Although none of the SNPs or common CNVs analyzed in this study met our threshold for declaring genome-wide significance, it is worth pointing out that many thousands of the SNPs analyzed had P-values much lower than those reported in typical candidate gene studies of comparable size, and many of the genes that are represented could be argued to be strong candidate genes on the bases of influencing transmitter systems relevant to given traits or related criteria. This indicates that candidate gene studies may have been too liberal in their cutoffs for declaring an association to be significant. Furthermore, we observed a single variant, rs1983761, which associated with Trails B with a P-value of 9.9 × 10−9 in students of European ethnicity who were <30 years of age. Although this association did pass the commonly used threshold of 5 × 10−8, it did not pass our Bonferroni-corrected threshold of 9.7 × 10−9. This variant explained 14% of the variation in the trait in the initial association, yet when we followed it up in a group of 133 subjects of European ethnicity above the age of 29 years and in a group of 47 subjects of European ethnicity below the age of 30 years who were not students, we saw no association despite 99 and 86% power, respectively, to detect a variant with an effect this large. Even if the winner's curse meant that this variant had a smaller effect size than 14%, we had 80% power to detect a variant explaining 4.5 or 12% of the variation in this trait in older Europeans and younger Europeans not in school, respectively. Unless one would believe that this variant only has an effect in young students, it must be regarded as a false positive and only further emphasizes the importance of using strict P-value cutoffs in association analyses.

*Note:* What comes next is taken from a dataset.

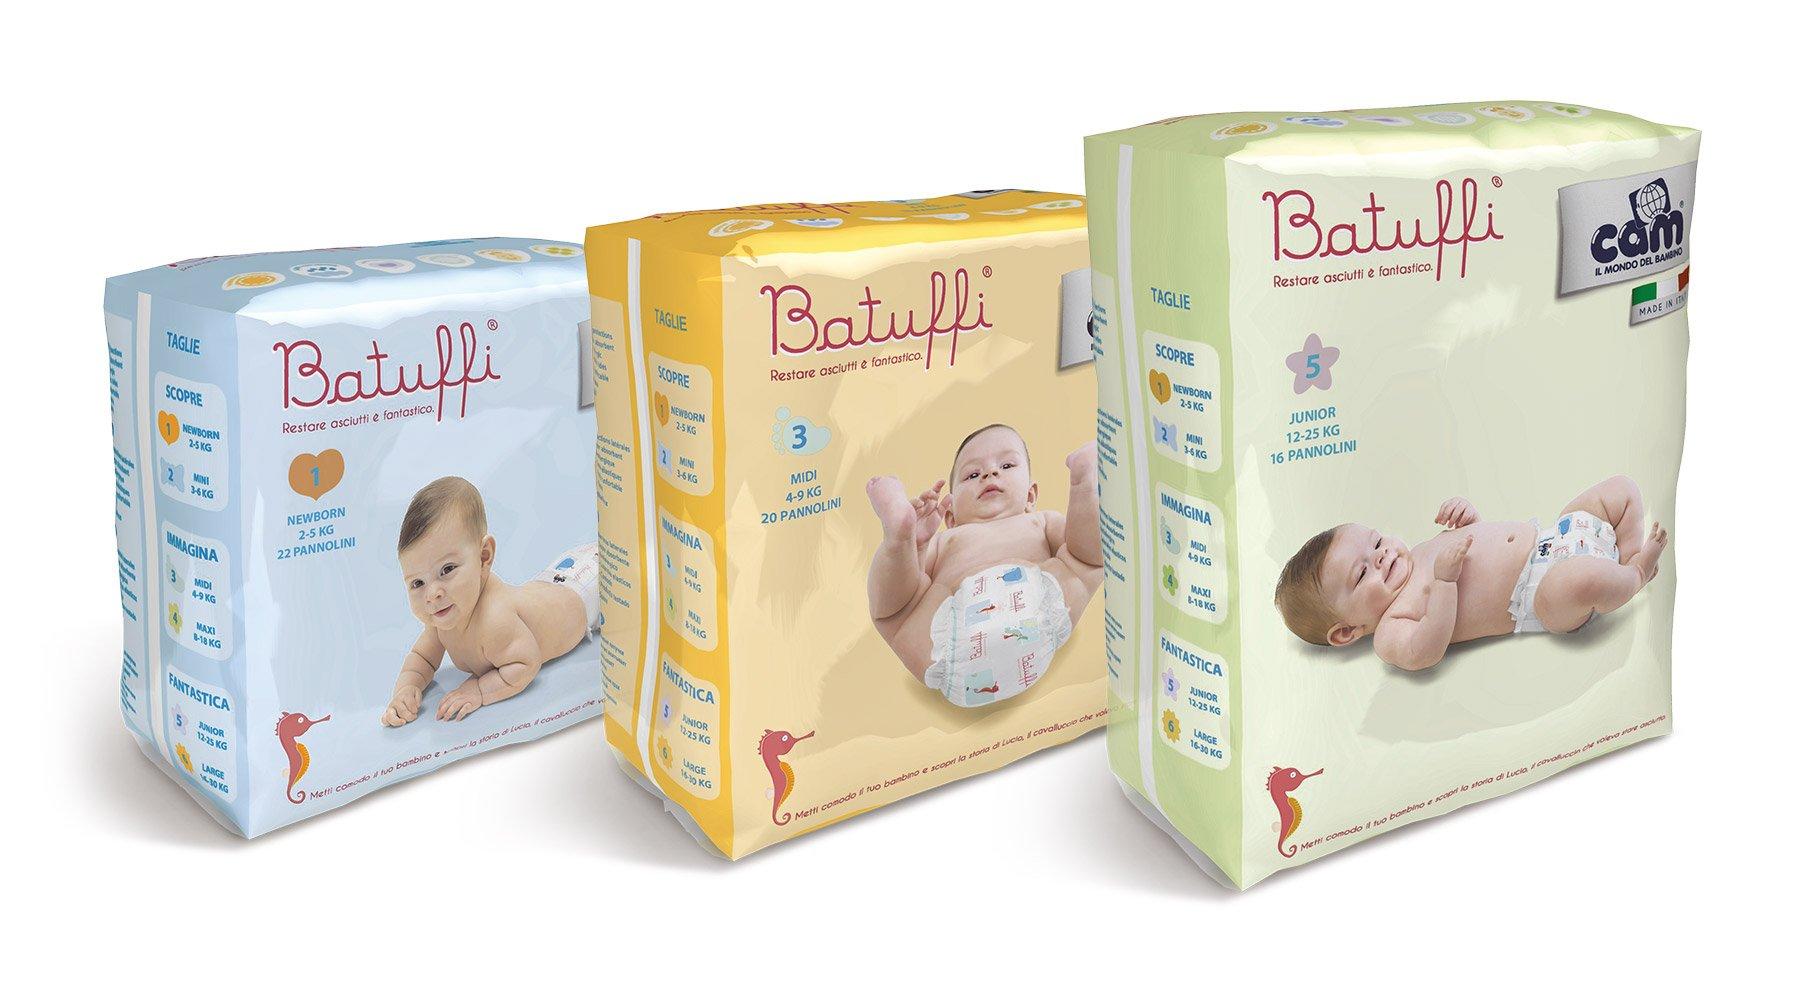 Pannolini per neonati di diverse età

Although the sample size in this study precluded the discovery of variants effecting <4 to 8% of the variation in these traits, the results are consistent with the hypothesis that common diseases may be more influenced by deleterious variants held in low frequency by natural selection than by common variants of large effect as postulated by the common disease–common variant hypothesis. It is of course also possible that a great number of common variants of small effect influence such traits, as was recently reported in a study on schizophrenia,28 or that many common variants interact with each other to influence risk. However, as there are already multiple examples of rare variants affecting risk for psychiatric diseases,29, 30, 31 we believe that characterization of such variants is the most promising strategy that is likely to progress the study of the genetics of psychiatric and other complex disease conditions. Furthermore, our results are consistent with the idea that identifying rare causes of disease will be more fruitful than efforts directed at genetically homogeneous endophenotypes.

Conflict on interest

The authors declare no conflict on interest.